The facts as alleged, however, do not justify the plaintiff’s fear or substantiate its argument. There was no claim or indication in the affidavits filed on summary judgment that Mr. Sweeney learned the identity of the other bidders by sitting quietly until after two o’clock before submitting Granite State’s bid. Absent an allegation of such facts, the trial court could not find that Mr. Sweeney had manipulated the bidding process in Mr. Sicotte’s favor. Apparently Mr. Sweeney did know that the plaintiff was a bidder, but he knew that from the presence of the plaintiff’s president in the room before Mr. Gardner announced at two o’clock that he had two bids. Therefore, there is no factual claim to support the suggestion that Granite State or its owner obtained an advantage by Mr. Sweeney’s action. The lack of such factual claim, or dispute about it, leaves a trier of fact with no basis for finding on the facts of this case that acceptance of the late bid posed a threat to the bidding process or was an unreasonable exercise of the State’s reserved authority to waive informality in a bid.

The issues raised by the anti-trust claim are equally free of any genuine factual dispute relevant to the trial court’s disposition of the cases. In each suit, the plaintiff predicated its claim for relief upon the existence of a combination or conspiracy between Auclair and Granite State, with the purpose or effect of submitting “sham or complementary bids,” in violation of RSA 356:2,11(e). Consequently, the threshold question in each case was whether two corporations wholly owned by a common owner could combine or conspire within the meaning of the statute. In answering this question we are authorized by the statute itself to “be guided by interpretations' of the United States’ antitrust laws.” RSA 356:14. Relevant federal case law clearly indicates that two corporations related as Auclair and Granite State are cannot combine or conspire in violation of a statute like RSA 356:2,11(e).

The federal analogue of section 2 of the New Hampshire statute is section 1 of the Sherman Act. 15 U.S.C.A. § 1 (1973). In construing the latter provision, the United States Supreme Court has held that the coordinated activity of a parent corporation and its wholly owned subsidiary cannot be a violation of the prohibition on combinations or conspiracies in restraint of trade or commerce. Copperweld Corp. v. Independence Tube Corp., 467 U.S. 752 (1984). The Court has reasoned that complete unity of interest between the two *749corporations precludes any finding that an agreement between them resulted in the joinder of two independent economic entities, which a section 1 violation requires. Id. at 771. The purpose of a subsidiary, rather, is so obviously to act for the benefit of its parent, that the notion of an “agreement” between them is meaningless in the context of the Sherman Act. Id.

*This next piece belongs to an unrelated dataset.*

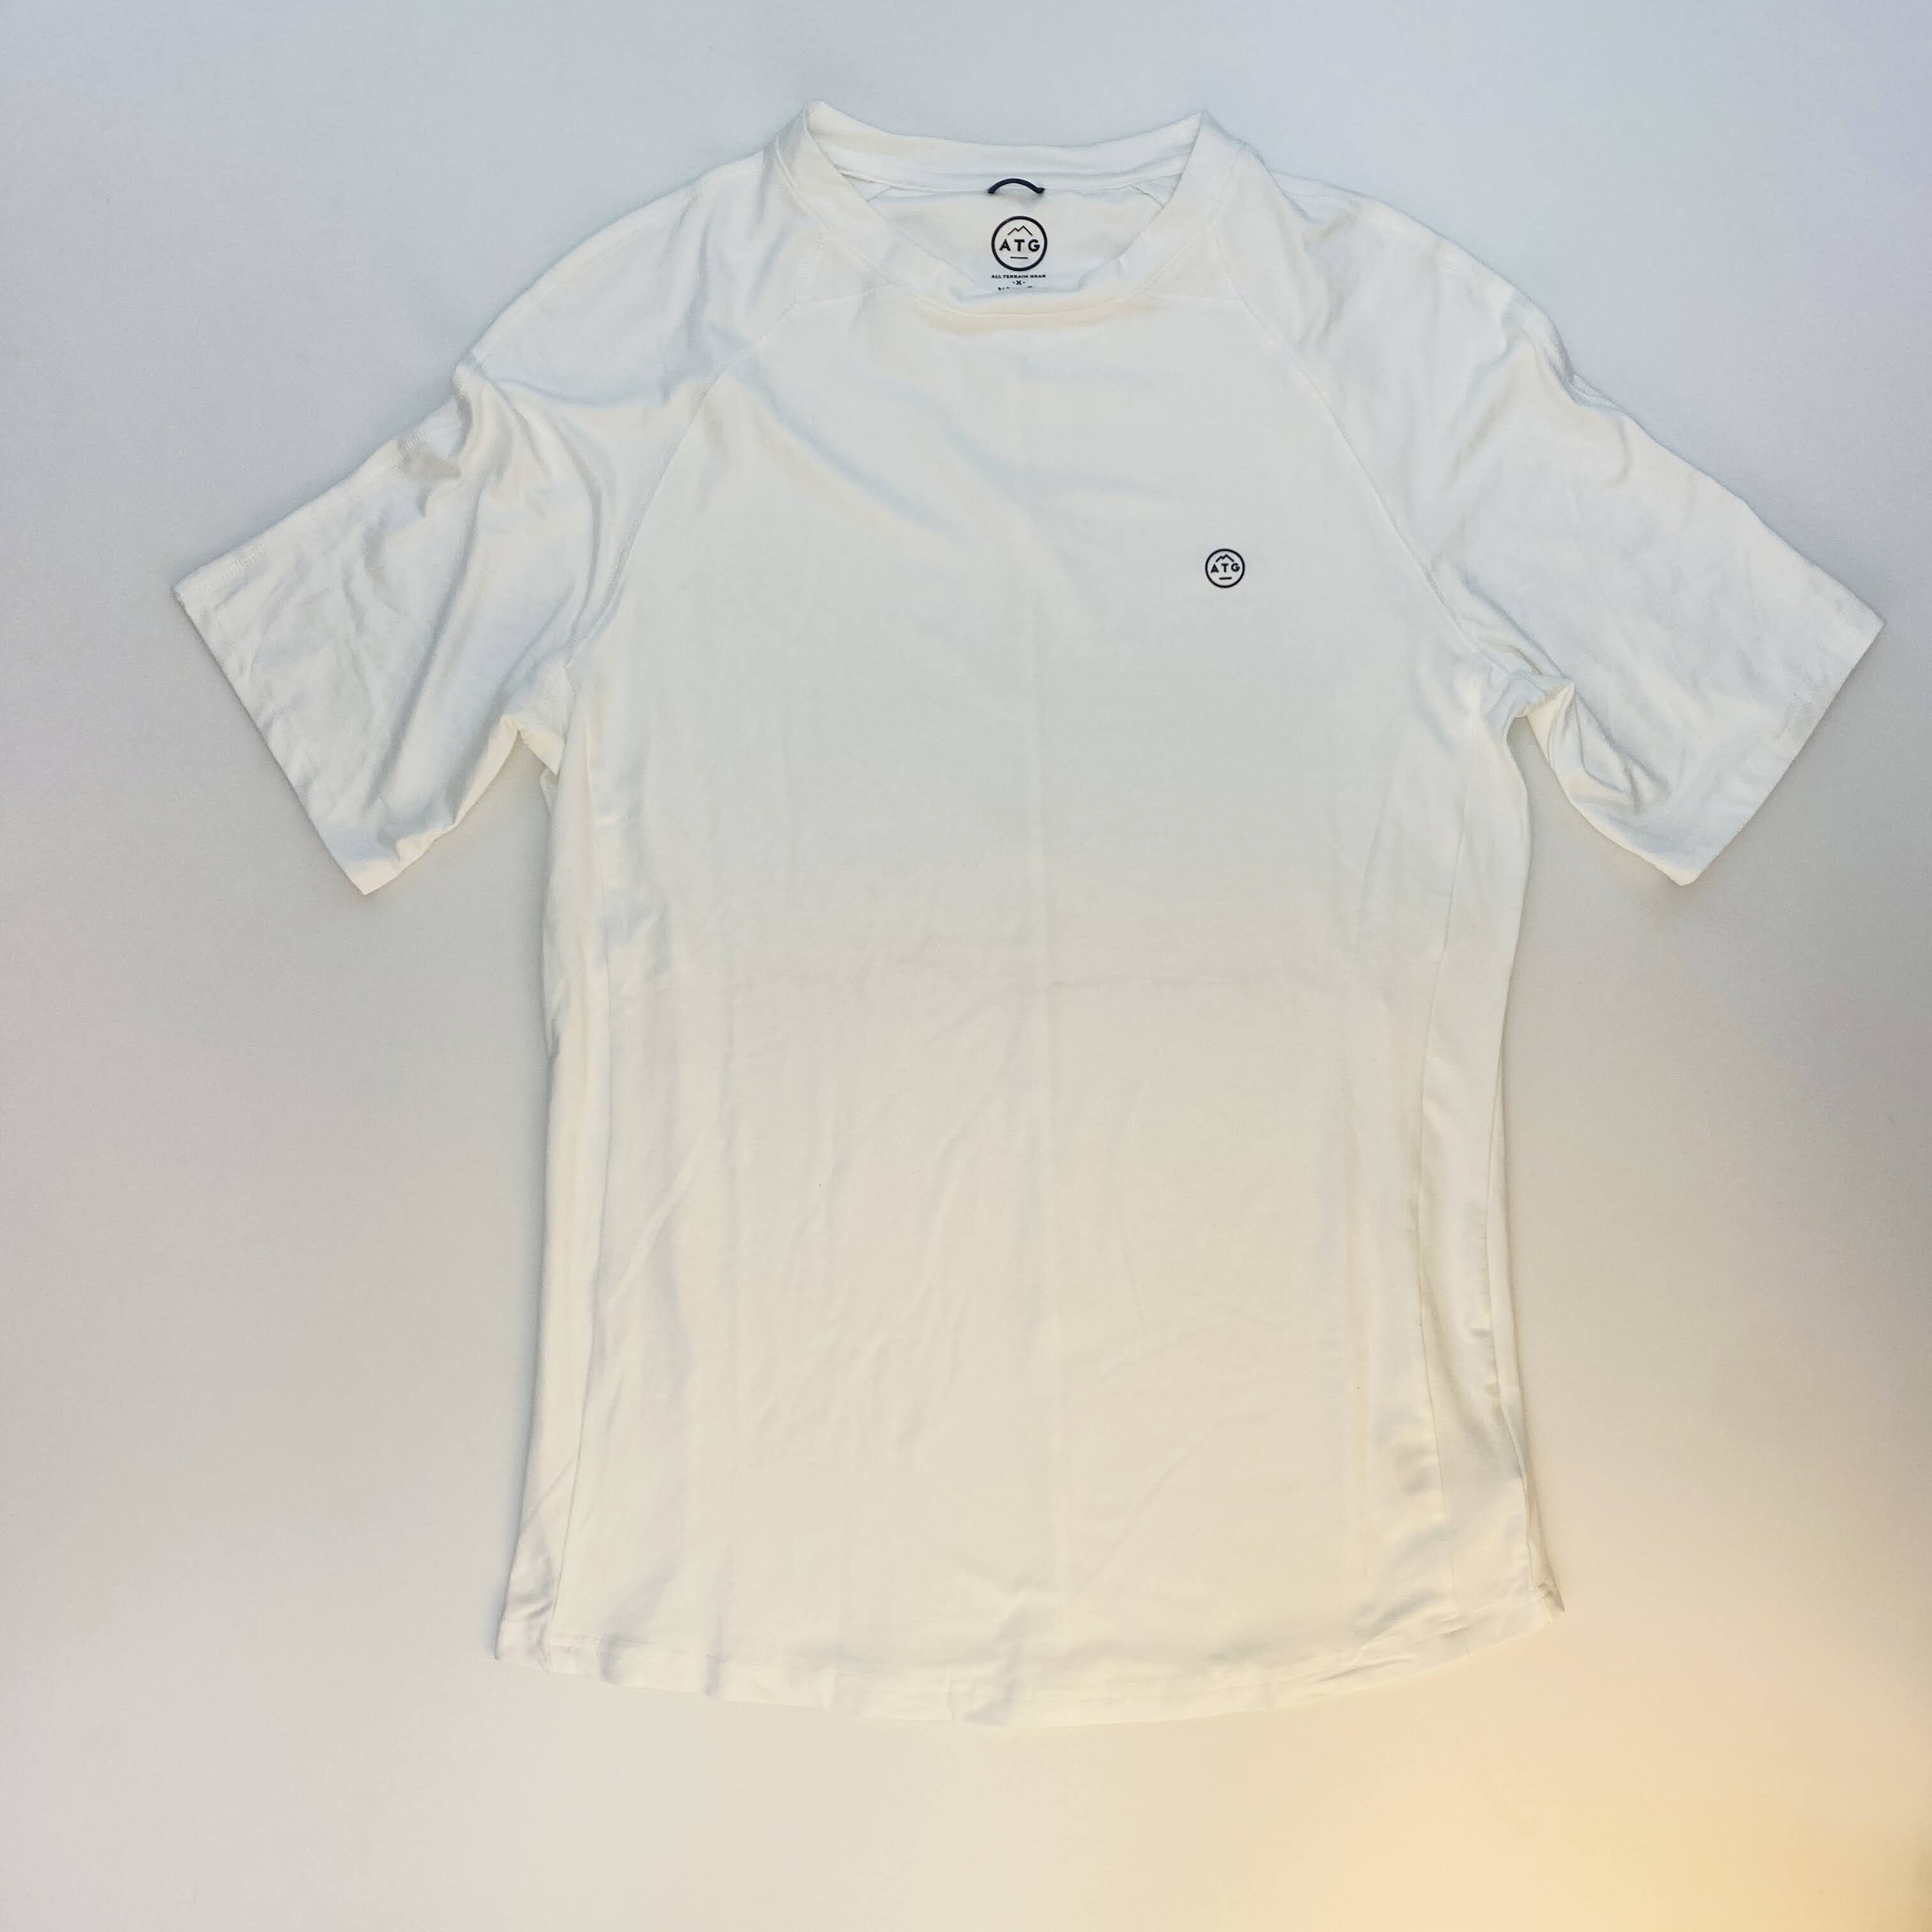 Wrangler Ss Performance T Shirt - Seconde main T-shirt homme - Blanc - XXL | Hardloop

We are persuaded by the Fifth Circuit’s reasoning in Century Oil Tool, Inc. v. Production Specialties, Inc., 737 F.2d 1316 (5th Cir. 1984), that Copperweld’s logic applies equally well to the relation between two corporations wholly owned by the same parent or shareholder.

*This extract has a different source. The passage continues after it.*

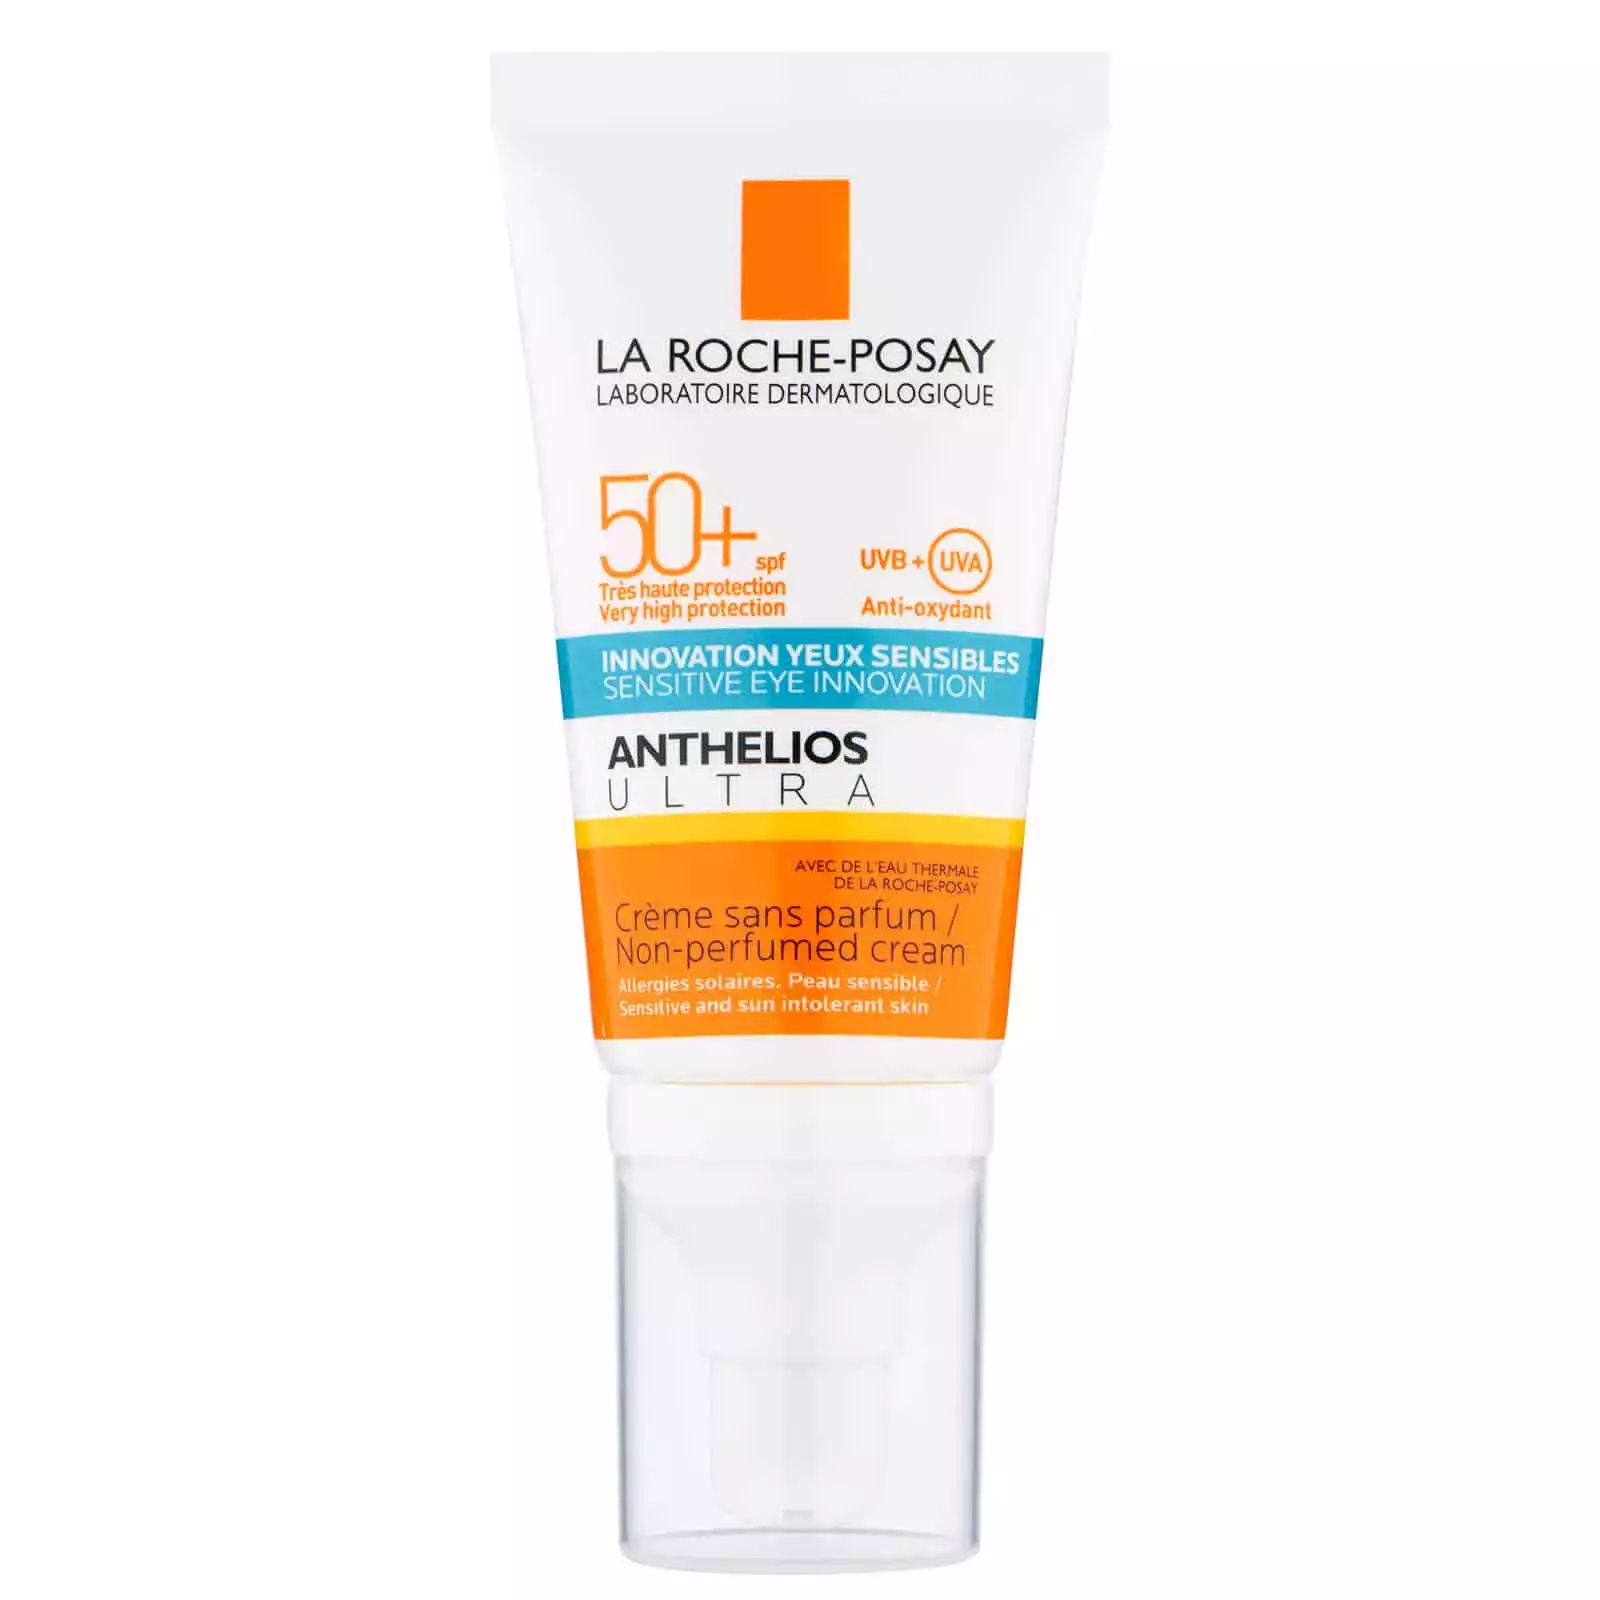 La Roche-Posay Anthelios ULTRA SPF50+ Facial Sunscreen

“Given Copperweld, we see no relevant difference between a corporation wholly owned by another corporation, two corporations wholly owned by a third corporation or two corporations wholly owned by three persons who together manage all affairs of the two corporations. A contract between them does not join formerly distinct economic units.”

Id. at 1317; see Hood v. Tenneco Texas Life Ins. Co., 739 F.2d 1012, 1015 (5th Cir. 1984) (on Copperweld analysis, two wholly owned subsidiaries share a common purpose with each other and therefore cannot combine or conspire for purposes of section 1 of Sherman Act).

The reasoning of these cases disposes of the anti-trust claims under RSA 356:2. The plaintiff’s own pleadings allege that Auclair and Granite State are wholly owned, ultimately, by Mr. Sicotte. The economic object of each corporation is therefore to serve Mr. Sicotte’s interests, and, under Copperweld, the unity of their purposes bars any finding of an illegal combination or conspiracy under RSA 356:2. On the undisputed facts, therefore, the summary judgment for the defendants was warranted.

Affirmed.

Batchelder and Souter, JJ., did not sit; Bean and Contas, JJ., superior court justices, sat by special assignment pursuant to RSA 490:3.